I have avoided many of the "mama" tags that people seem to adore placing on women who work in the tech space. I'm not a tech mama, tech maven, tech queen, tech diva or whatever. And, I'm quick to gently correct someone who uses those terms in reference to me. I find them off-putting and passive aggressive in an odd sort of way.
It seems like if you're a successful woman, you need a label so people can place you in the apppropriate sections in their mental file system. These labels seem to underhandedly attempt to put us in "a woman's place". From my experience, this doesn't happen so much with men. When was the last time you've heard a guy refer to himself as a Tech Prince?
I do think women bring a distinct advantage to the tech smorgasboard and I, for one, leverage my advantage every chance I get. After all, I wasn't born a woman for no reason.
What I ponder most often is why, in this day and time, we're still being asked what it's like to be a woman working in technology. I think there are valuable answers to that question, I just think the current focus of that question could use some modernization and reframing.

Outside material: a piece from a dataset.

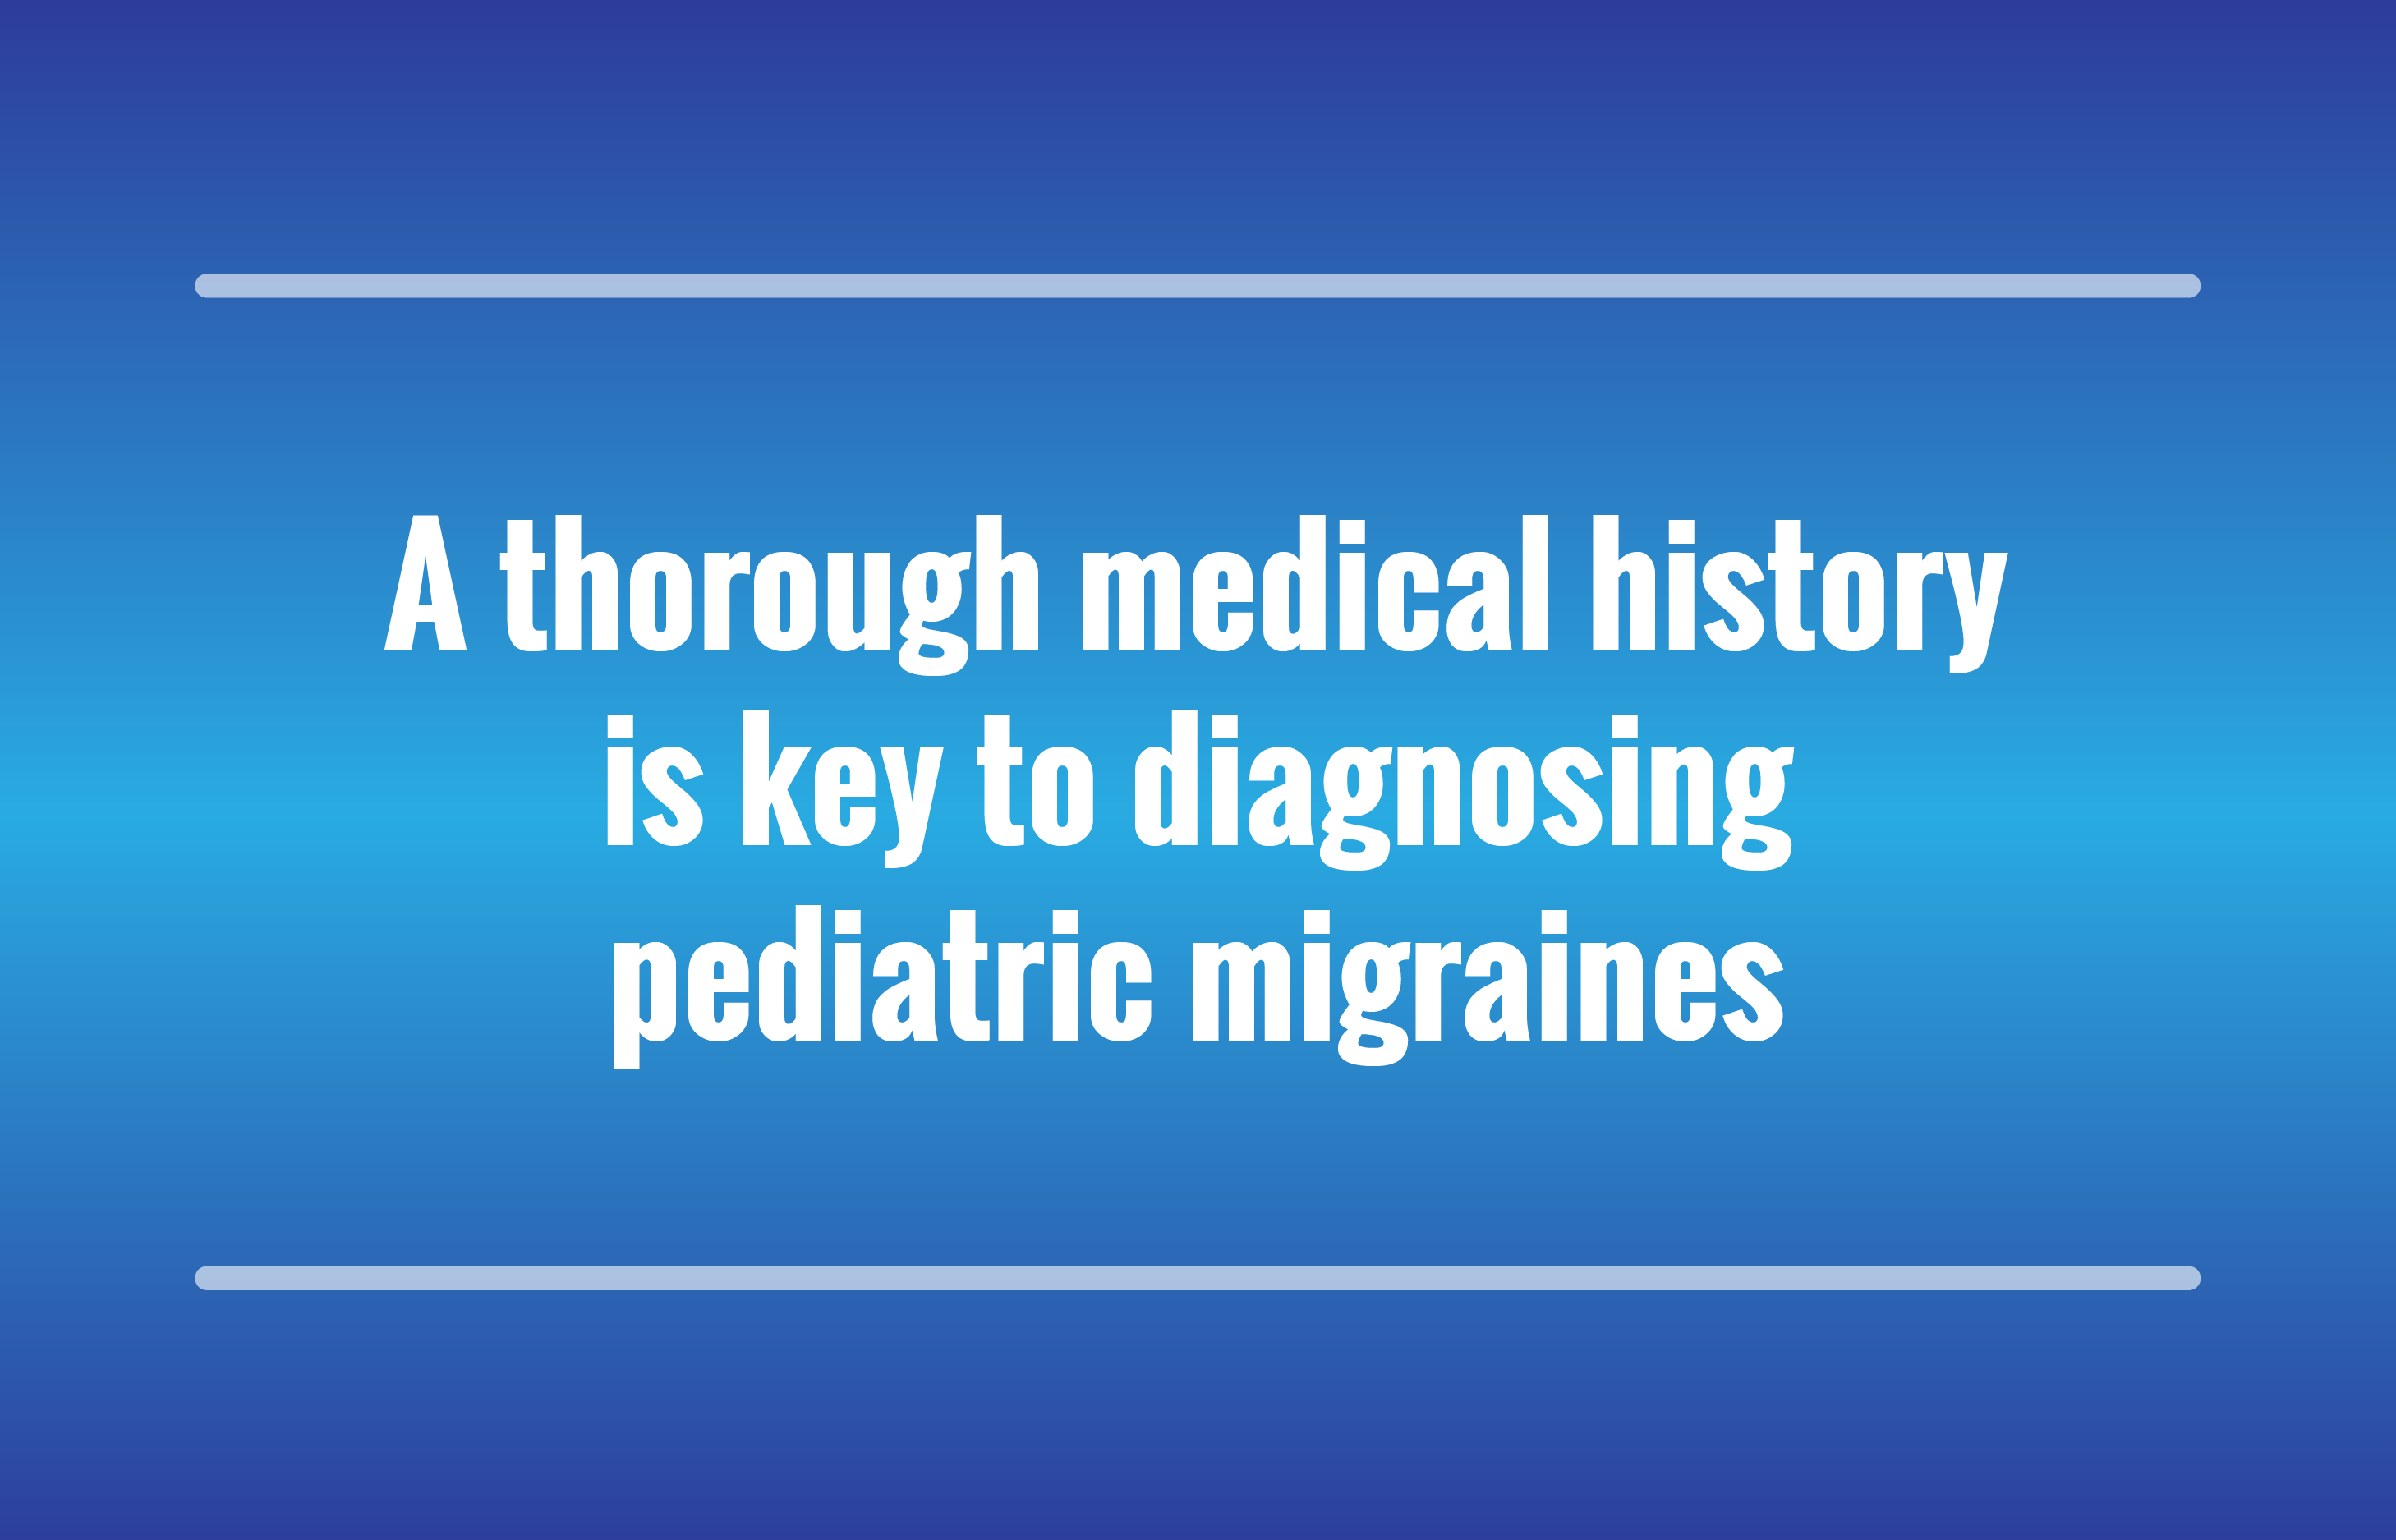 8 questions for a thorough history to diagnose migraines
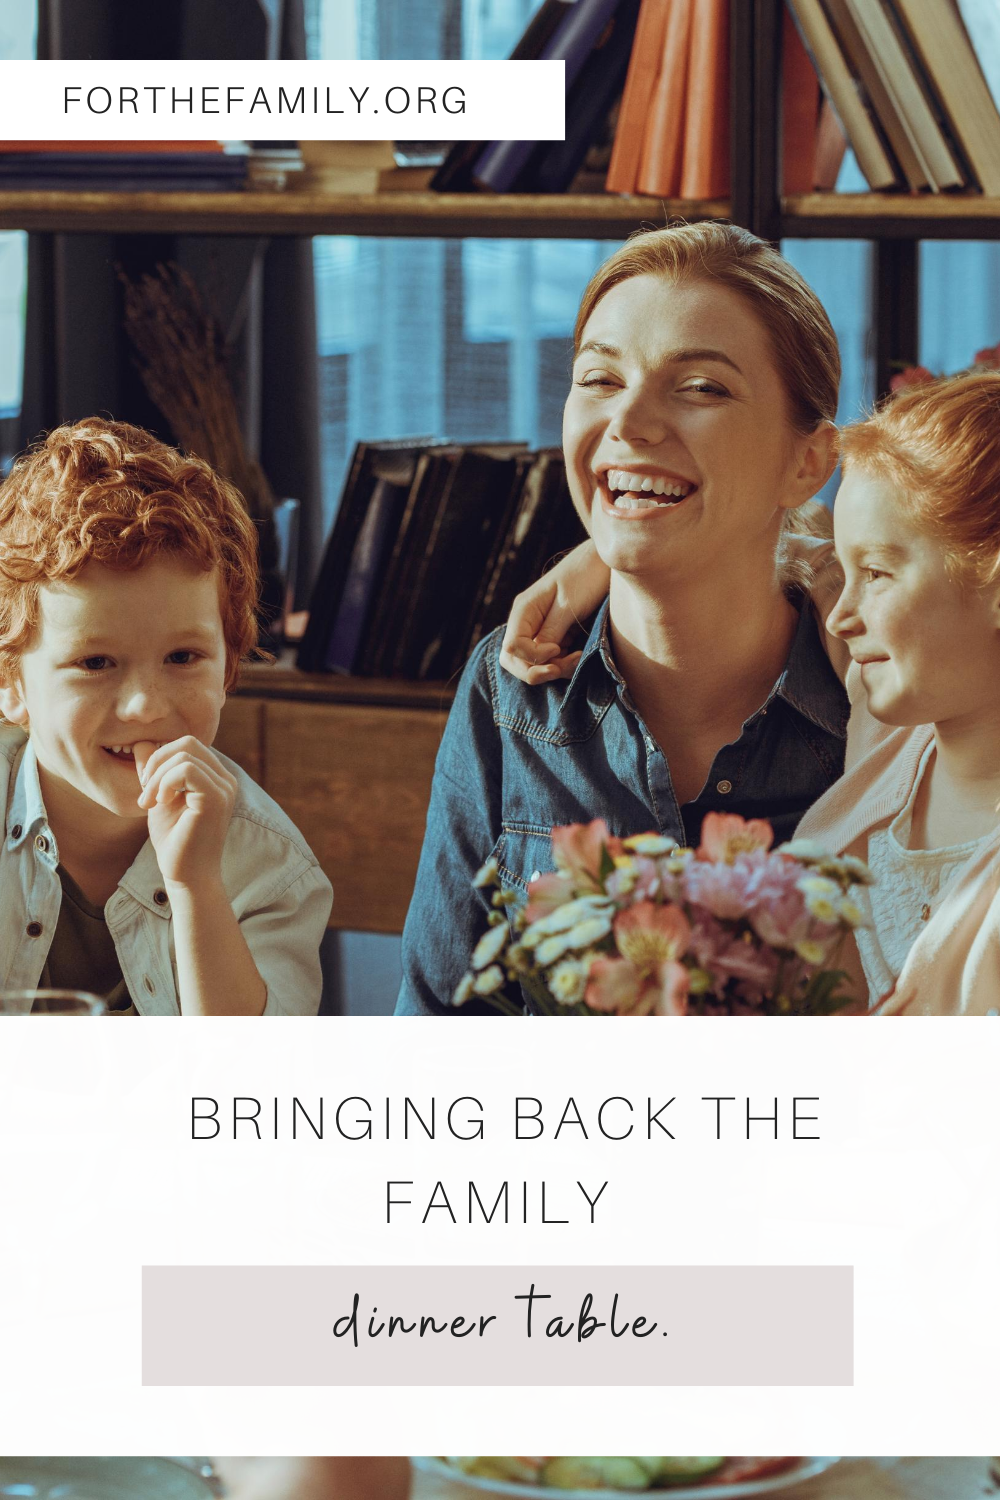 During this time we are all missing community, but we have an opportunity to build that community within our family! Amidst these tough circumstances, we can enjoy the slower pace of life that has been gifted to us by bringing back the family dinner table.

As a social media strategist, I have a lot in common with your experience working in technology however, I also look forward to reading stories from women coders and developers. There's room for everyone at the table. Anything else is coming from a scarcity mindset and - if we're going to support one another like we all say we want to - scarcity, crabs-in-a-barrel tactics shouldn't be tolerated.
Contrary to what others wrote about this being a disappointing first article, I think running this article first was uber-smart. Having the first article be about the technical side of tech would be obvious, expected and trite. Kudos to Tatiana for having the ovaries to veer from the norm.